Prime Central London’s (PCL) housing market has often been the first to lead the charge after a downturn. However, changes to lifestyle preferences resulted in an increasing number of people moving out of urban cities. This, as well as a lack of international travel during Covid, put a dampener on the country's most exclusive housing market. But as life in London begins to return to its new normal, there are signs that the PCL market is beginning to pick up pace once again.
PCL’s rental market was the first to bounce back. After 19 consecutive months of falls since Covid began, rents in Inner London returned to growth in November 2021. At their lowest, the average rent in London’s 13 most central boroughs cost 24% less than on the eve of the pandemic. Since then, the return to international travel combined with the reopening of offices alongside all the other amenities central London has to offer, has fuelled demand for rental accommodation.
By the beginning of 2022, Inner London recorded the strongest rental growth in Great Britain. Last month, the average rent of a home in Inner London cost £2,513 pcm, back to pre-pandemic times. A shortage of homes seems set to continue fuelling rents over the coming months. However, given that rents were already recovering towards the end of 2021, future growth is likely to slow as the year progresses. Even so, PCL is likely to be the top-performing area for rental growth this year, welcome news to investors who have endured some tough times over the last couple of years.
It also means that yields are on the rise with rents outperforming house prices. The average gross yield in Prime Central London rose to 5.6% in the second half of 2021, the highest return in more than half a decade.
It's also been an encouraging start to 2022 for the sales market. While prospective buyer numbers are on the rise again (up 19% compared to April 2019), demand for London’s most exclusive property is nowhere near its 2014 heyday. Given that purchases in this prime market tend to be discretionary, global sentiment plays an important role. While demand for PCL property is picking up from its Covid-lows, it’s likely to be dampened by the war in Ukraine as well as rising inflation and interest rate hikes across the world.
Even so, a lack of stock has meant that 13% of homes sold in PCL so far this year sold above their asking price, the highest share since 2014. As a result, the average seller achieved 97.1% of their asking price, up from 96.1% this time last year and 93.8% pre-Covid in 2019. However, the average home in PCL took 70 days to sell last month, more than double the time it took at the peak of the market in 2014.
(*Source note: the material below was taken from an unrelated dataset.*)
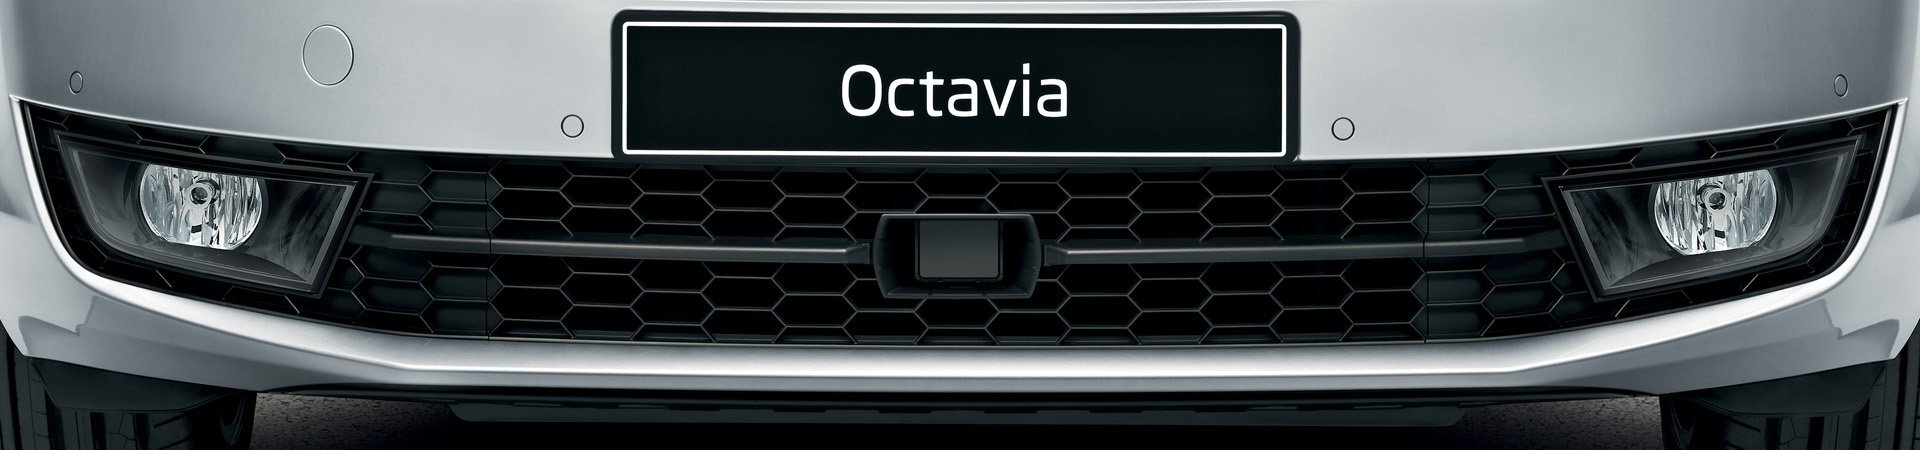 Skoda Octavia assist radar

International buyers are slowly returning to town but are nowhere near pre-Covid levels. During the first three months of the year, international buyers bought 40% of homes sold in PCL. This figure is up from the record low of 28% in Q1 2021 but remains a fraction of the 51% recorded three years ago. Buyers from Asia and Australia have picked up the most, while interest from the EU and the Middle East remains muted. The lack of international demand is weighing heaviest on traditional hotspots such as Knightsbridge, Belgravia and Chelsea where prices remain below their pre-pandemic highs.
Domestic buyers continue to dominate the market, a rare sight in PCL’s history. And more of them are coming from out of town - a record 18% of domestic of buyers moved into PCL this year from outside the capital, more than double the pre-Covid norm. The same is true for tenants, yet it seems the footloose nature of many jobs today means that it’s culture and lifestyle rather than employment that are becoming the capital’s biggest draw.
PCL’s market was poised for recovery this year and beyond, but there are a growing number of risks on the horizon. It’s hard to know what impact spiralling inflation and rising interest rates will have on PCL buyers. On one hand, wealthier households are likely to be most immune from the rising costs of goods, services and in particular, energy bills. However, on the other hand, rising interest rates make property debt more expensive to service and it also opens up other opportunities for people to invest their money.
On balance, PCL’s housing market will likely see a solid, rather than spectacular year in 2022. But in 2023, we could see the tempo change, ready for when a new housing cycle may dawn in 2024 as prices begin to accelerate once again. We forecast house prices in PCL to rise 1.0% in 2022, 2.0% in 2023 and 4.0% in 2024.